Distributed UFIR Filtering with Applications to Environmental Monitoring
Author(s) -
Miguel Vazquez-Olguin,
Yuriy S. Shmaliy,
Oscar Ibarra Manzano,
Sandra Márquez-Figueroa
Publication year - 2021
Publication title -
wseas transactions on signal processing
Language(s) - English
Resource type - Journals
eISSN - 2224-3488
pISSN - 1790-5052
DOI - 10.37394/232014.2020.16.20
Subject(s) - robustness (evolution) , computer science , estimator , missing data , wireless sensor network , real time computing , robust statistics , data mining , filter (signal processing) , computer network , statistics , outlier , artificial intelligence , machine learning , mathematics , biochemistry , chemistry , computer vision , gene
Environmental monitoring requires an analysis of large and reliable amount of data collected through node stations distributed over a very wide area.
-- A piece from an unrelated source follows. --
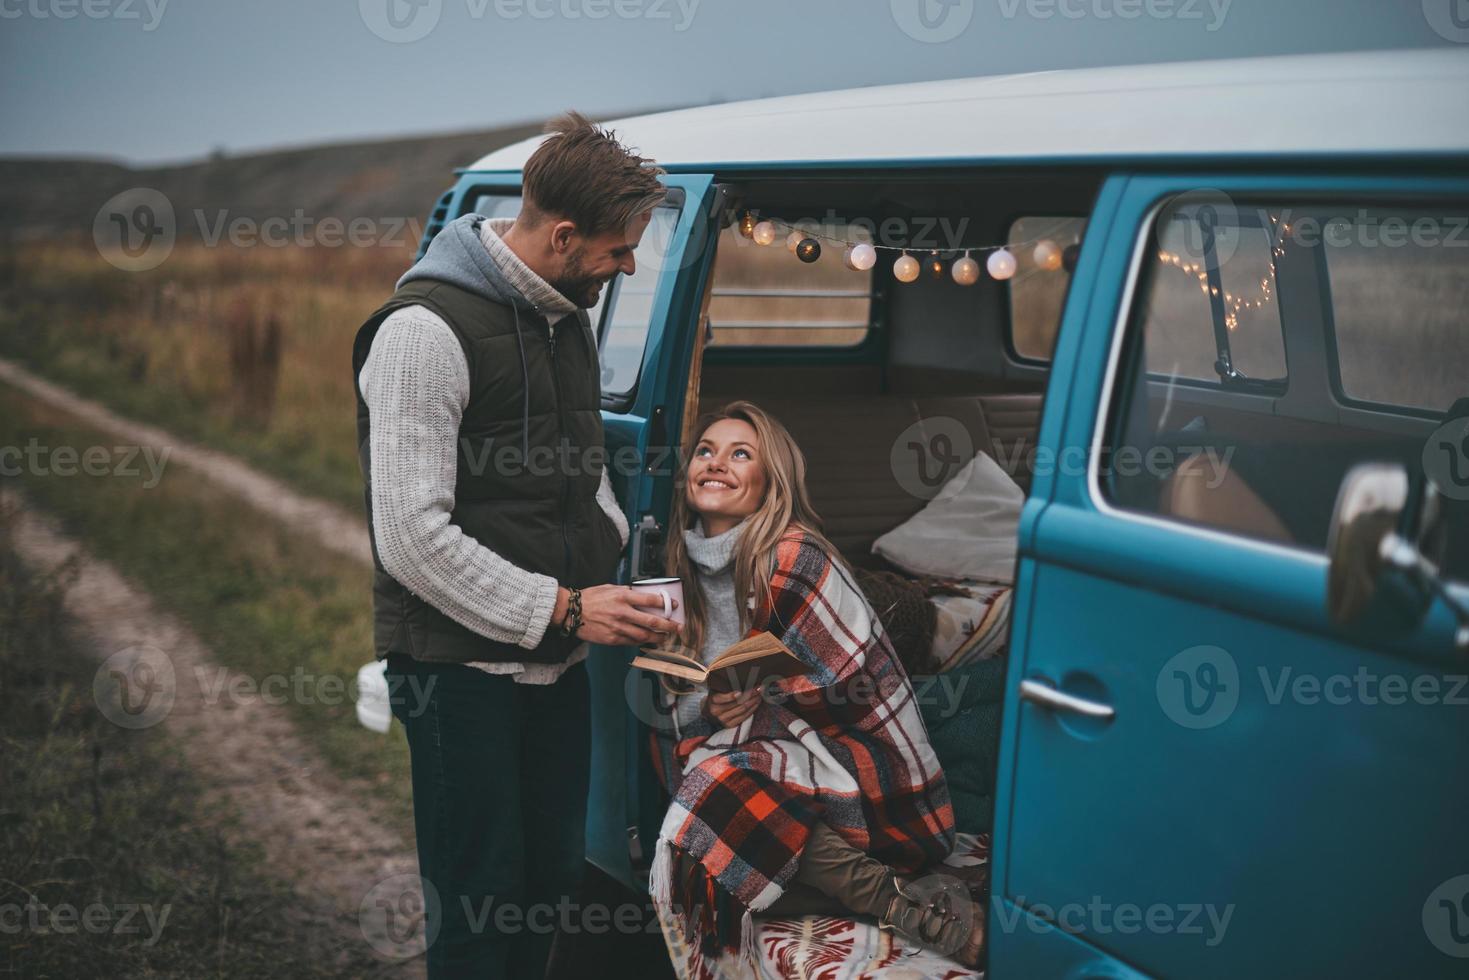 simple alegría de estar enamorado. un joven apuesto que le da una taza a su novia mientras disfruta de su viaje por carretera foto

Equipments used in such stations are often expensive that limits the amount of sensing stations to be deployed. The technology known as Wireless Sensor Networks (WNS) is a viable option to deliver low-cost sensor information. However, electromagnetic interference, damaged sensors, and the landscape itself often cause the network to suffer from faulty links as well as missing and corrupted data. Therefore robust estimators are required to mitigate such effects. In this sense, the unbiased finite impulse response (UFIR) filter is used as a robust estimator for applications over WSN, especially when the process statistics are unknown. In this paper, we investigate the robustness of the distributed UFIR (dUFIR) filter with optimal consensus on estimates against missing and incorrect data. The dUFIR algorithm is tested in two different scenarios of very unstable WSN using real data. It is shown that the dUFIR filter is more suitable for real life applications requiring the robustness against missing and corrupted measurements under the unknown noise statistics.